Новый этап жизни в Чечне начался 31 августа 1996г. В г. Хасавюрт Республики Дагестан было подписано совместное заявление представителей России и Чечни о разработке «Принципов определения основ взаимоотношений между Российской Федерацией и Чеченской Республикой», положившее конец первой чеченской войне. Стороны договорились о прекращении военных действий и выводе федеральных войск из Чечни. Вопрос о статусе ее территории был отложен до конца 2001г.

В мае 1997 года Борис Ельцин и Аслан Масхадов, ставший после гибели Джохара Дудаева президентом Чечни, подписали «Договор о мире и принципах взаимоотношений между РФ и ЧРИ». Часть беженцев вернулась в Чечню, которая теперь стала называться Чеченской Республикой Ичкерией (ЧРИ).

Однако, в условиях разрушенного жилого фонда, тотальной безработицы и огромной неорганизованной массы вооруженных людей, новая чеченская власть оказалась не в состоянии навести порядок. Чечня была предоставлена самой себе, в большинстве государственных учреждений, включая учебные заведения и больницы, не платили зарплату. Захват жилья и похищения людей стали обычным бизнесом.

Одна из жительниц ЦВР, расположенного в селе около Тамбова, рассказывает: «Моя семья покинула Грозный в январе 1995г., нас разместили в ЦВР. Дети у нас очень способные, сын поступили в Москве в технический институт, а дочь – в музыкальный. Им дали места в общежитии. Мы с мужем остались в ЦВР. Он по профессии пекарь, но в селе нам работы не нашлось. Муж не мог сидеть без дела. Узнав, что заработал его завод, он один вернулся в Грозный. Сказал, что хлеб нужен всем, и у него в Чечне много друзей. Через полгода его похитили, когда он возвращался домой с работы. Заставили написать отказ от квартиры и отправить родным письмо с просьбой заплатить выкуп в 10 тысяч долларов. Денег у нас совсем не было, я боялась отвечать похитителям. От них приходили письма, в которых сумма уменьшалась с каждым разом и дошла до 600 долларов».

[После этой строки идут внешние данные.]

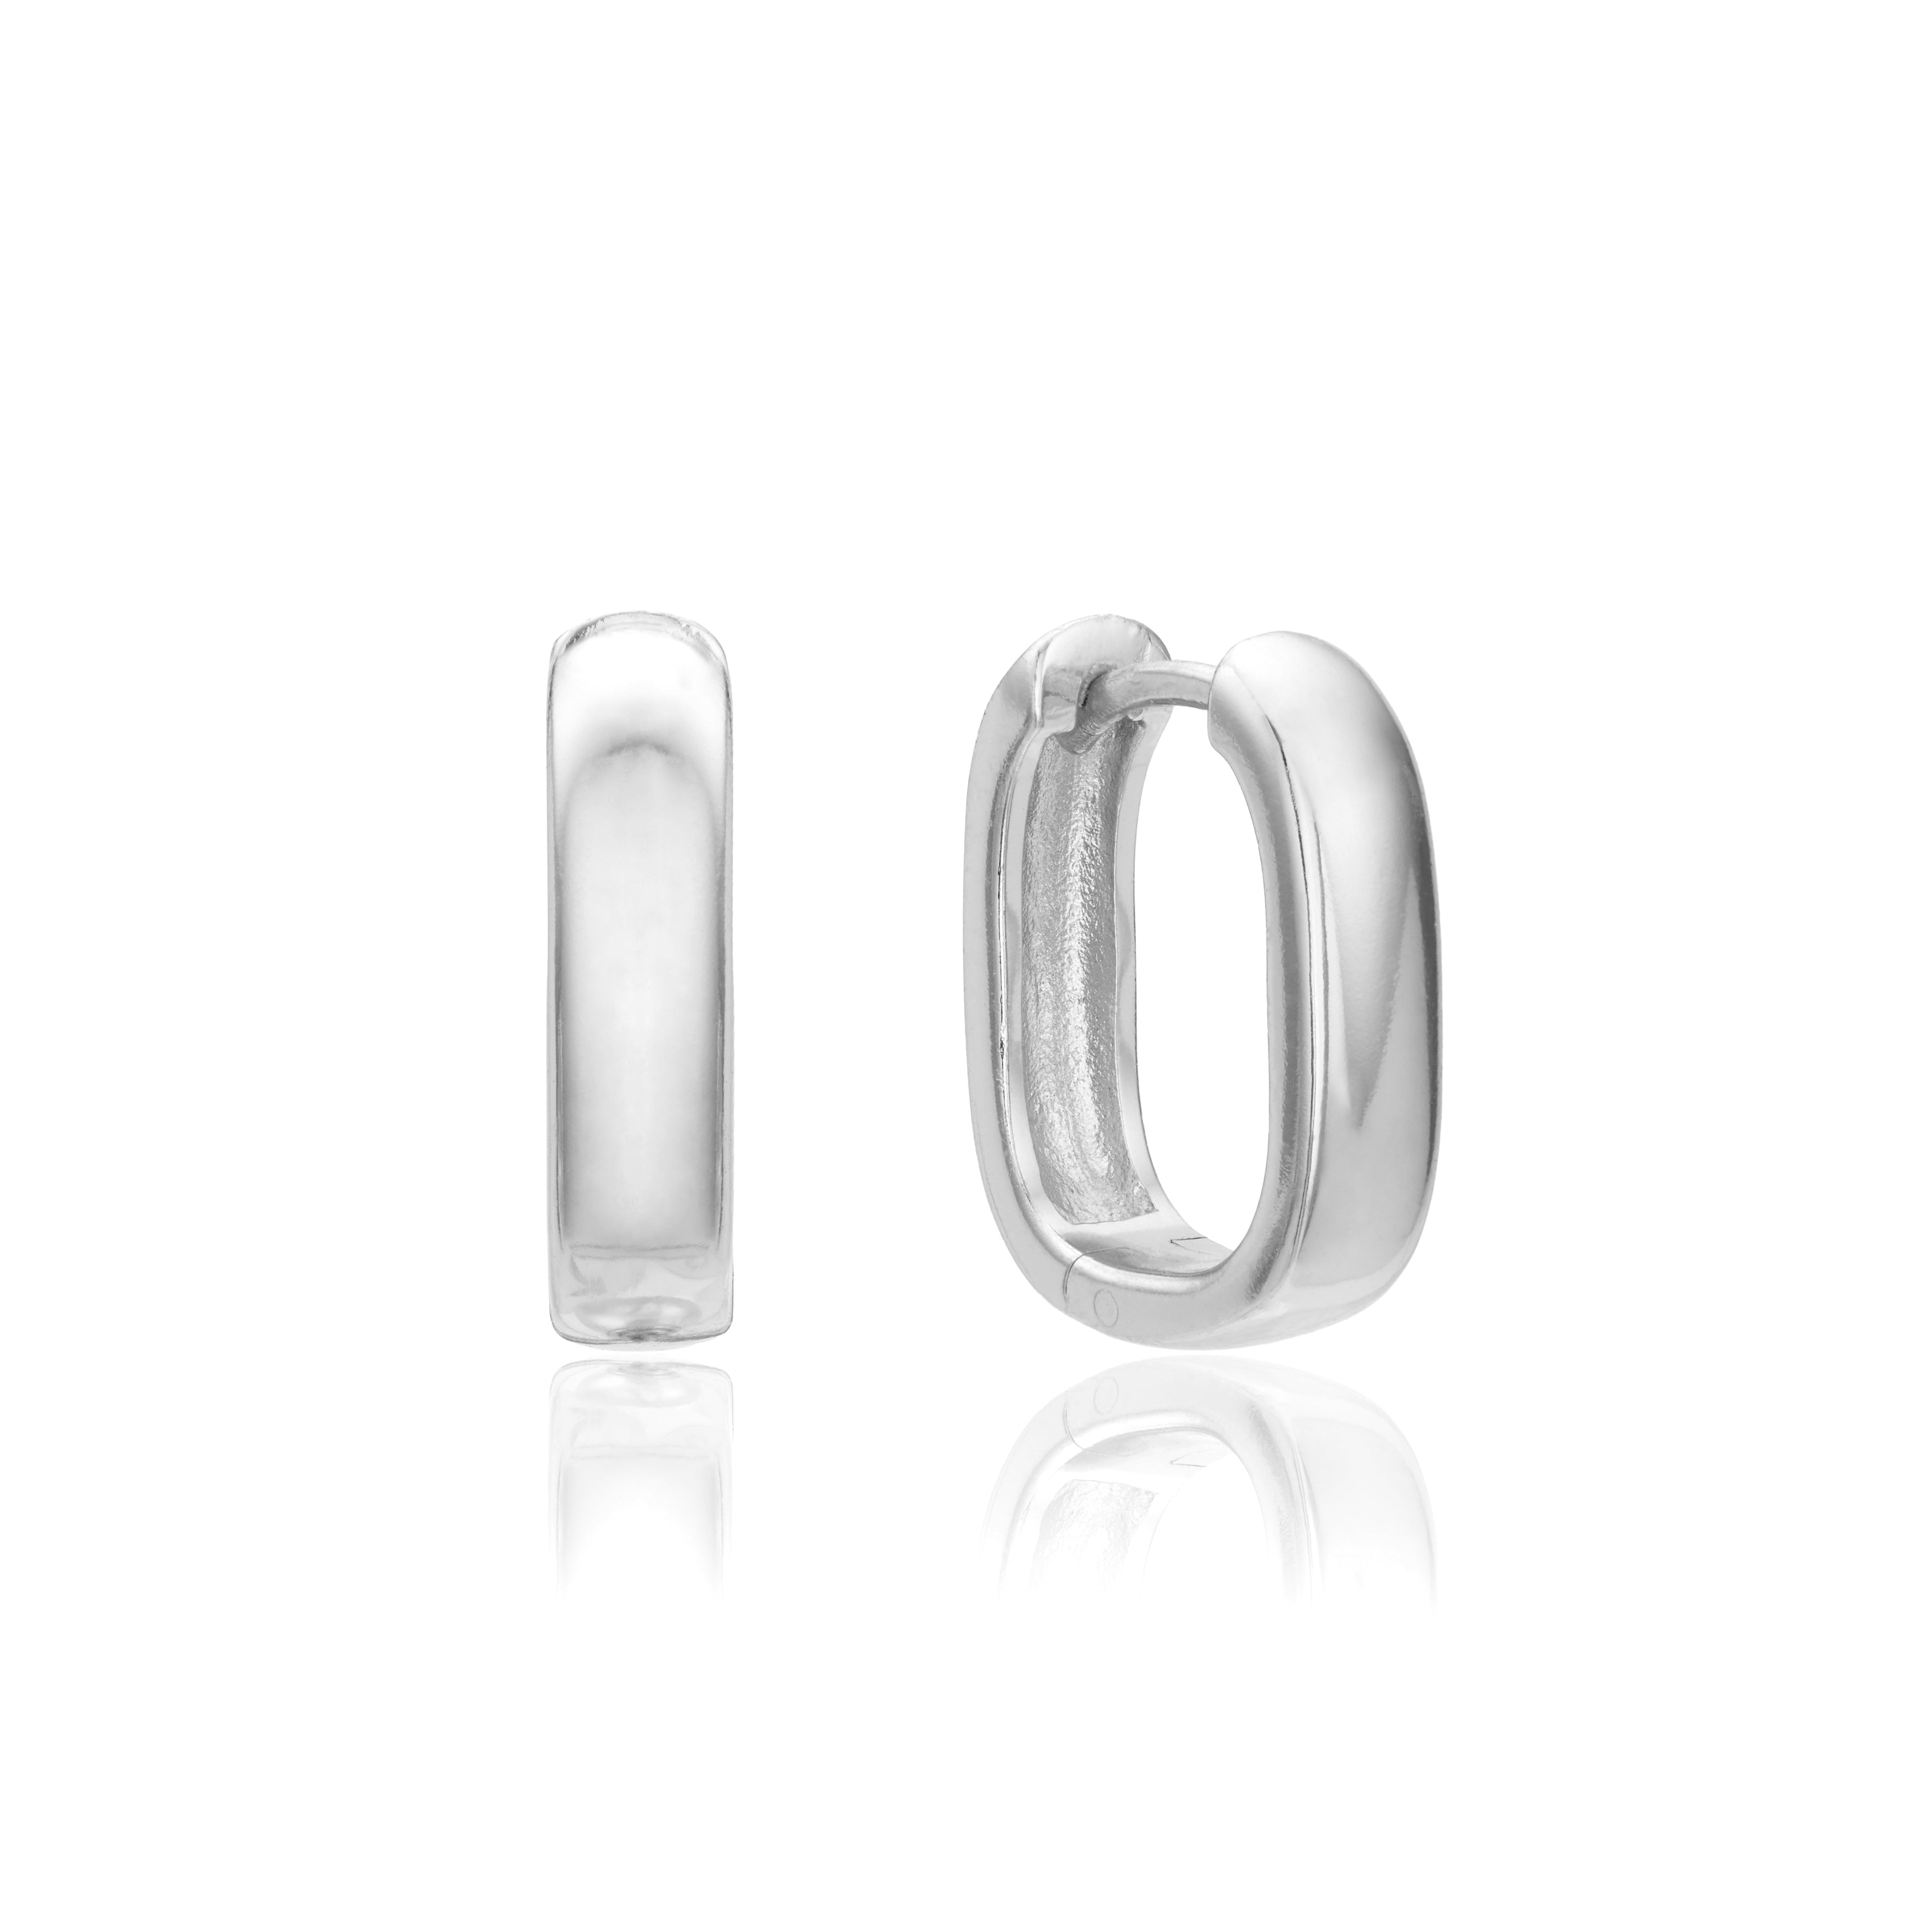 Silver thick squared hoop earrings on a white background

Помог руководитель одной чеченской общественной организации – человек, прошедший пытки в плену у российских военных, чудом оставшийся в живых во время массового расстрела, и, несмотря на это, готовый оказать помощь попавшему в беду русскому земляку. Он написал похитителям по-чеченски, что хочет выкупить заложника для обмена на своего родственника. Такие обмены были распространены в то время, но похитители догадались, кто и почему им пишет, и отпустили заложника без выкупа. Он вернулся исхудавший и больной, но живой. Далеко не все такие истории заканчивались относительно благополучно, люди исчезали бесследно.

Из Чечни снова понемногу стали уезжать жители, и снова для них не было приготовлено ни места, ни минимальных условий существования. Общество и пресса все больше заражались античеченскими настроениями. Чиновники перестали воспринимать чеченцев как российских граждан. «Вы хотели свободы – теперь отправляйтесь в свою Чечню!» — все чаще звучало не только на улицах и в прессе, но и в официальных кабинетах.

Российские власти понимали, что полностью отгородиться от решения чеченской проблемы было невозможно. В недрах ФМС зрело решение о том, как и кому необходимо оказывать помощь [3].

30 апреля 1997г. было принято, по признанию директора ФМС, дискриминационное Постановление правительства РФ № 510 «О Порядке выплаты компенсаций за утраченное жилье и имущество гражданам, пострадавшим в результате разрешения кризиса в Чеченской Республике и покинувшим ее безвозвратно». Какой смысл вкладывался в это понятие «безвозвратно покинувшие»?

Получить компенсацию могли только те, кто отказался от жилья в Чечне и решил окончательно переселиться в другой регион России. Таким образом, вопрос о компенсациях в самой Чечне за разрушенное жилья и утраченное имущество был отложен на неопределенное время.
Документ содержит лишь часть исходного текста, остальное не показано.